Вполне уверенная, что граф поедет с ней, она была немало удивлена, узнав, что тот собирается ехать в Петербург только через месяц. Граф ссылался на разыгравшийся ревматизм, но настоящей причиной его задержки были скупые денежные средства. Никодим Никодимыч разыгрывал перед вдовой роль человека богатого, этакого покровителя, а в качестве обеспечения имел только щедрое воображение и желание выглядеть в свои семьдесят лет молодцом.

А дорога есть дорога. Там горничные, приживалки, лакеи, всех кормить надо, на постоялых дворах платить за постой, и роль богатого покровителя была не просто трудна – невозможна. Он решил ехать в сентябре, один, налегке – чудное путешествие и как раз к свадьбе. Никодим Никодимыч был вполне уверен в племяннике своем Василии Лядащеве.

В последний день августа тремя груженными до отказа каретами госпожа Рейгель двинулась в Петербург. Перед отъездом граф снабдил Веру Дмитриевну небольшой аккуратной посылочкой и письмом к Васеньке, в котором сообщал, что посылает отменные сухие груши, цветисто описывал прелести «подательницы сего» и истово завидовал счастию племянника «лицезреть лучшую из дщерей Венеровых».

По приезде в Петербург Вера Дмитриевна не смогла сразу назначить встречу Василию Лядащеву. Сквозняки постоялых дворов сделали свое дело – вдова жестоко простудилась. Немецкий лекарь уложил ее в постель с грелкой, компрессами и мешочками с сухой горчицей.

Только через неделю она встала от болезни и с ужасом посмотрела на себя в зеркало. Бледна, волосы сухие, нос распух. Такой не жениху себя показывать, а на воды ехать лечиться.

В это время Вере Дмитриевне нанесла визит ее московская приятельница знатная боярыня Северьялова.

– Душка, что сделала с вами болезнь! Лечились, конечно, у немца? Я им давно не верю. Наши знахарки исправнее лечат, они душой за больного скорбят. Я помогу вам. Есть отличный русский лекарь, он же и парфюмер.
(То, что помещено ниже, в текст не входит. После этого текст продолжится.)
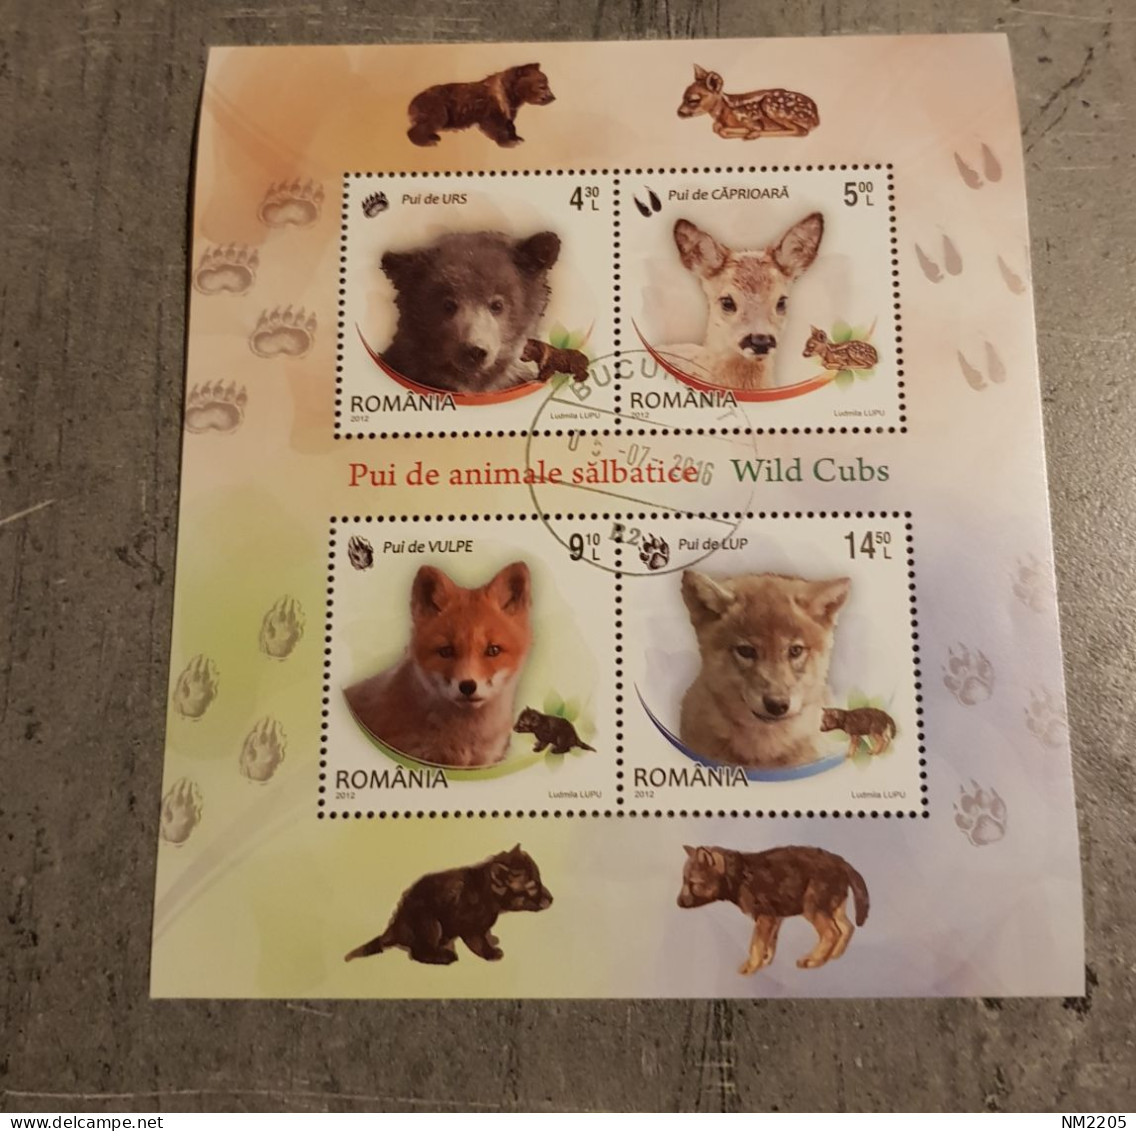 ROMANIA WILD CUBS MINIATURE SHEET USED - Used Stamps

Он вернет вам былую красоту.

Надо ли говорить, что госпожа Рейгель вошла в число жертв вредительских действий кучера Евстрата. Опробовав румяны и мази, составленные из «восточных компонентов», Вера Дмитриевна нашла, что вполне поправила свою внешность, и трепетной рукой написала надушенное письмо, где в подобающих выражениях передавала господину Лядащеву привет от дядюшки и сообщала, что ждет господина Лядащева завтра в полдень для передачи посылки.

А утром бедная женщина сидела перед зеркалом, сжав ладонями виски, и в немой оторопи рассматривала свое отражение. Оно было настолько страшным и неправдоподобным, что казалось шуткой злых сил, подменивших обычное зеркало кривым. Ужас, ужас…

Прибывшего в назначенный час Лядащева не приняли, посылку не отдали, а наградили еще одной душистой записочкой: извините, мол, и все такое… заходите через неделю.